The coalition presents these debts as the result of both Labour’s profligacy, and a credit crisis rooted in poor governance. That is certainly half of the story: this year’s structural deficit is 4.8 per cent of GDP – almost half of the current 10.1 per cent overall public finances deficit – and even supporters of the Financial Services Authority accept that it couldn’t keep up with the finance sector’s calamitous ingenuity.
However, the tale also has another half. The credit crunch was a global phenomenon, gestated within a financial sector defended against heavier regulation or taxation by figures as disparate as Ken Livingstone and Boris Johnson. Much of the public debt was incurred both in propping up the financial institutions whose ignorance and foolishness caused this crisis (they bought debts whose profitability depended on a continuing property boom, blended so that their origins were hidden: I don’t think these words are too strong), and in coping with the impact of the resulting recession on public expenditure and tax revenues.

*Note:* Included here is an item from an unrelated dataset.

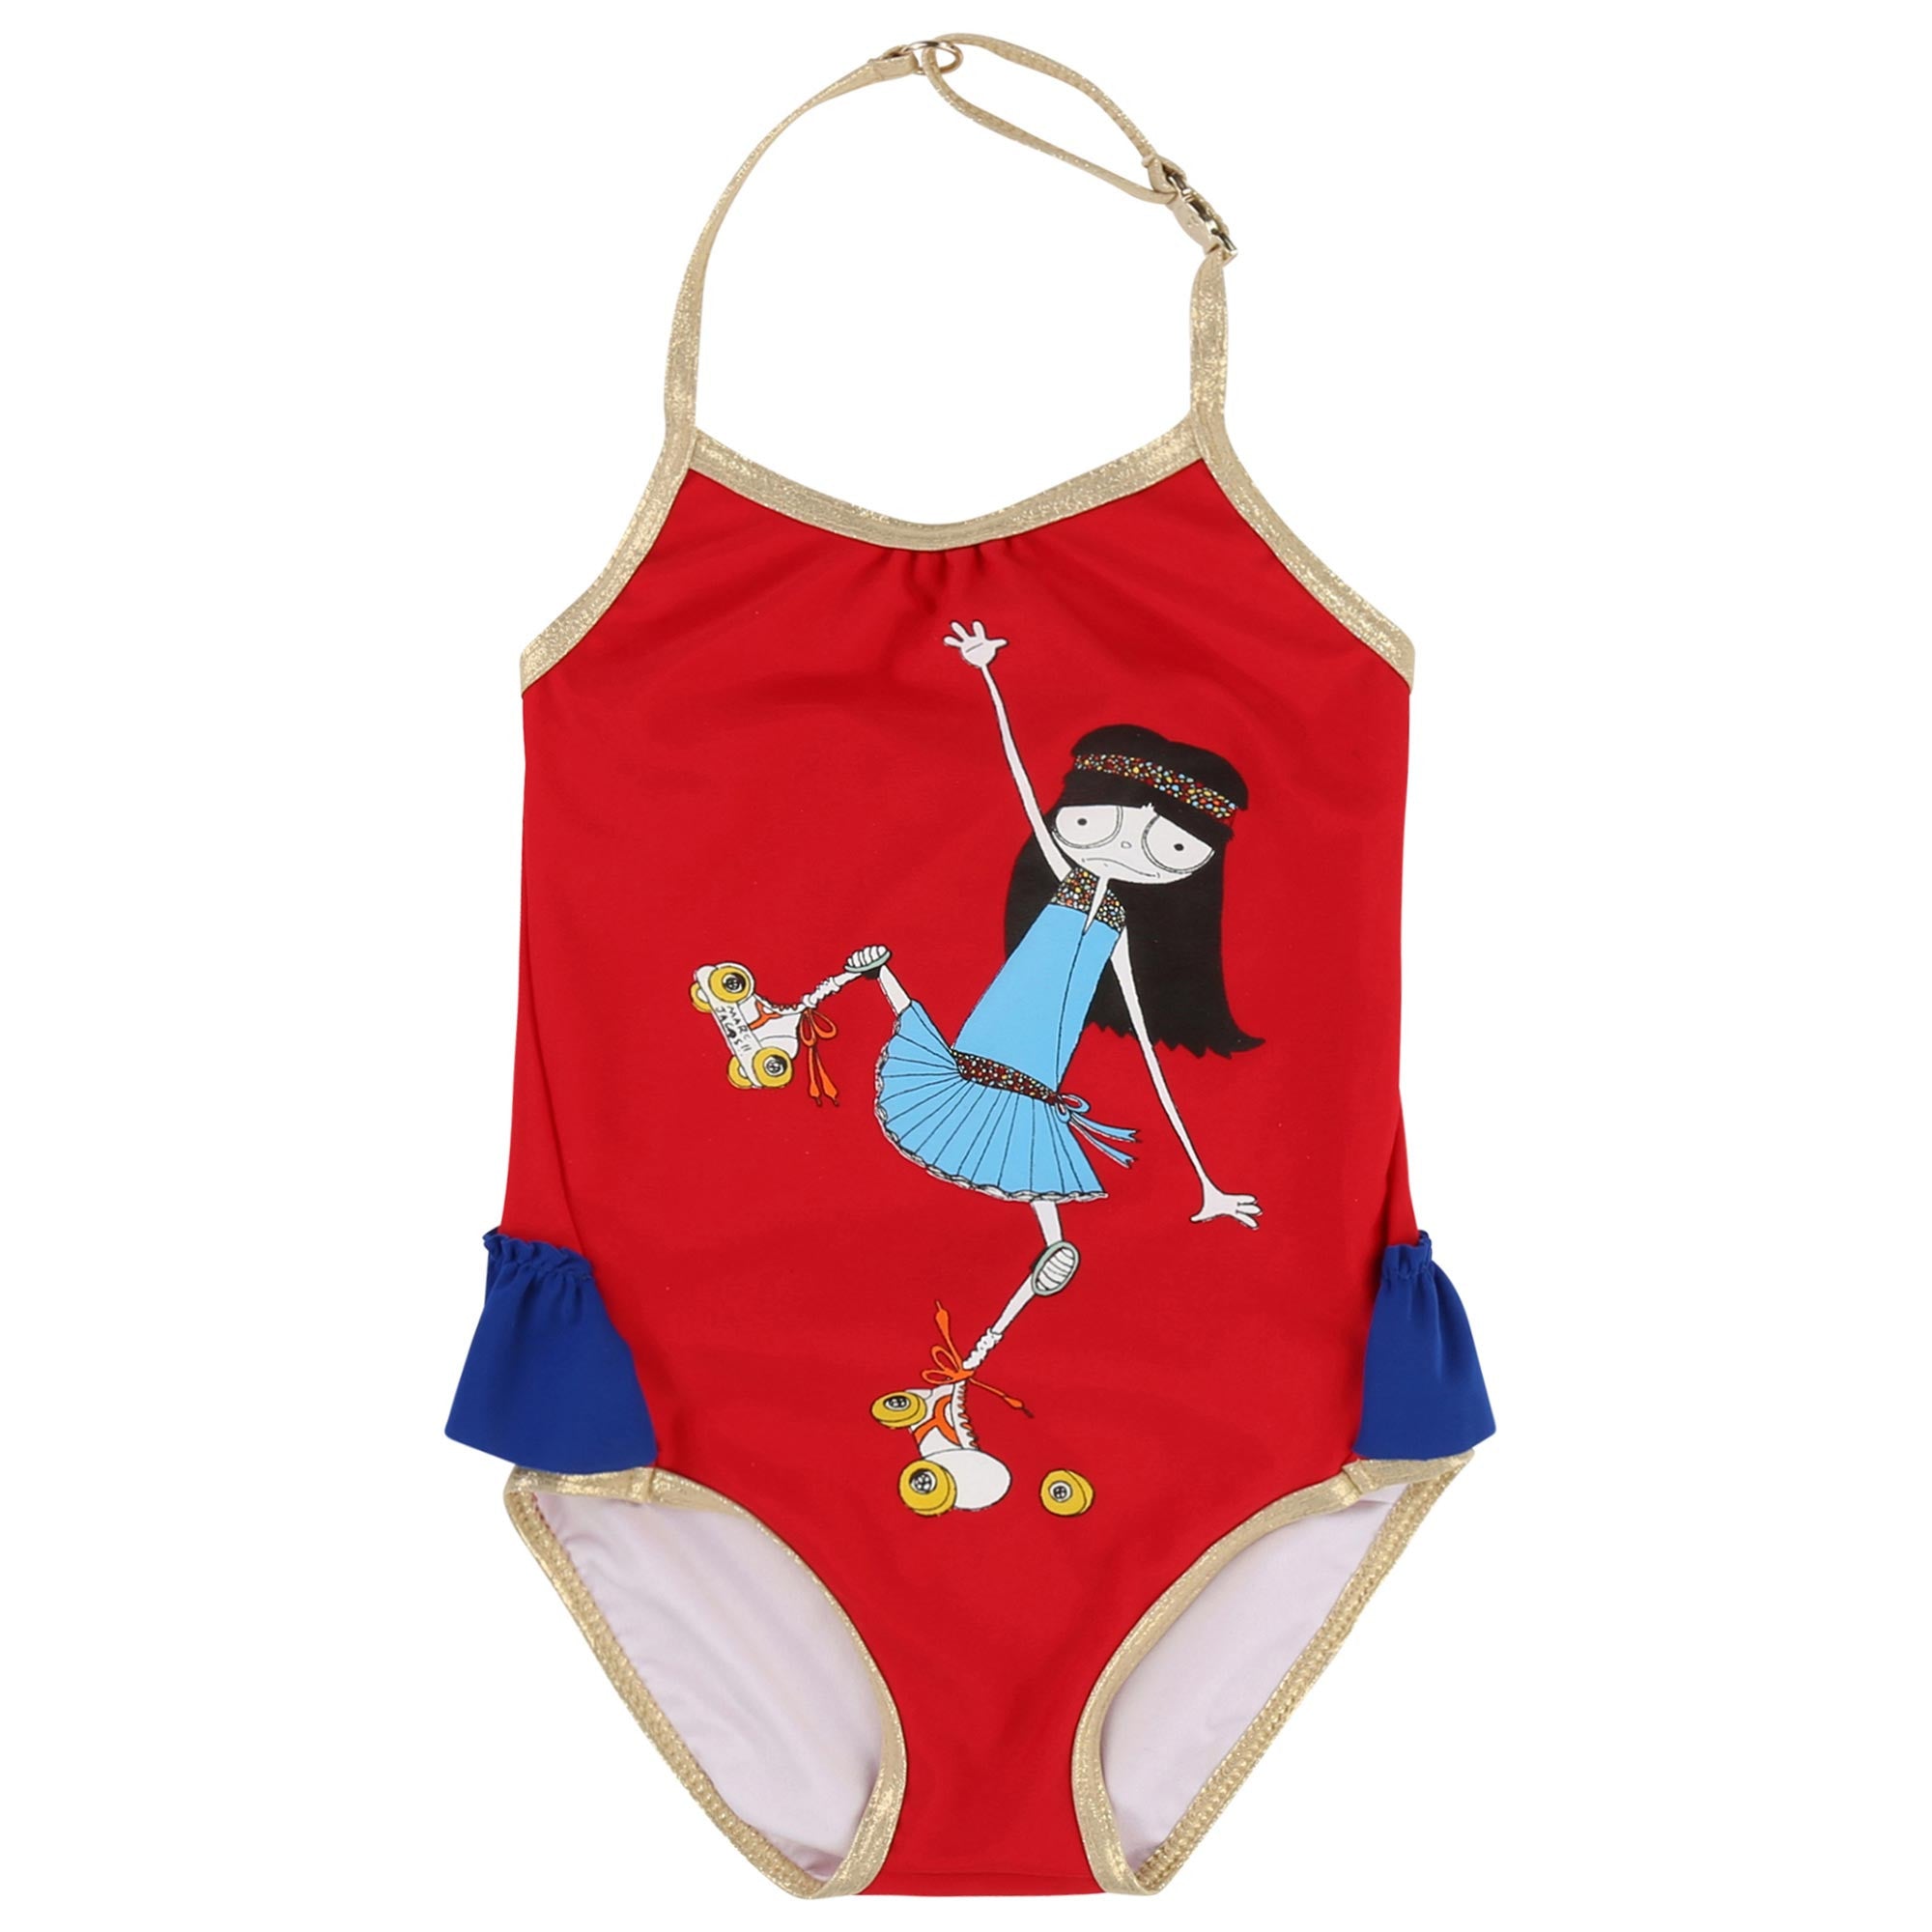 Baby Girls Red Swimsuit - CÉMAROSE | Children's Fashion Store - 1

There’s another chunk of debt, too: the money injected into the economy in a rather successful attempt to ameliorate and minimise the recession. Don’t forget: government spending – both on the stimulus, and on schemes to help businesses and homeowners facing debt problems – helped keep unemployment and repossessions well below expected levels. So while stupid political decisions – made by Labour figures keen to expand our financial services industry – certainly helped to lay the groundwork for this recession, the government reacted to the crisis by first preventing a banking collapse, and then minimising the scale of the inevitable recession. Some commentators have, incredibly, interpreted the story of the credit crunch as one of government failure – but the public sector is actually the hero of this sorry tale.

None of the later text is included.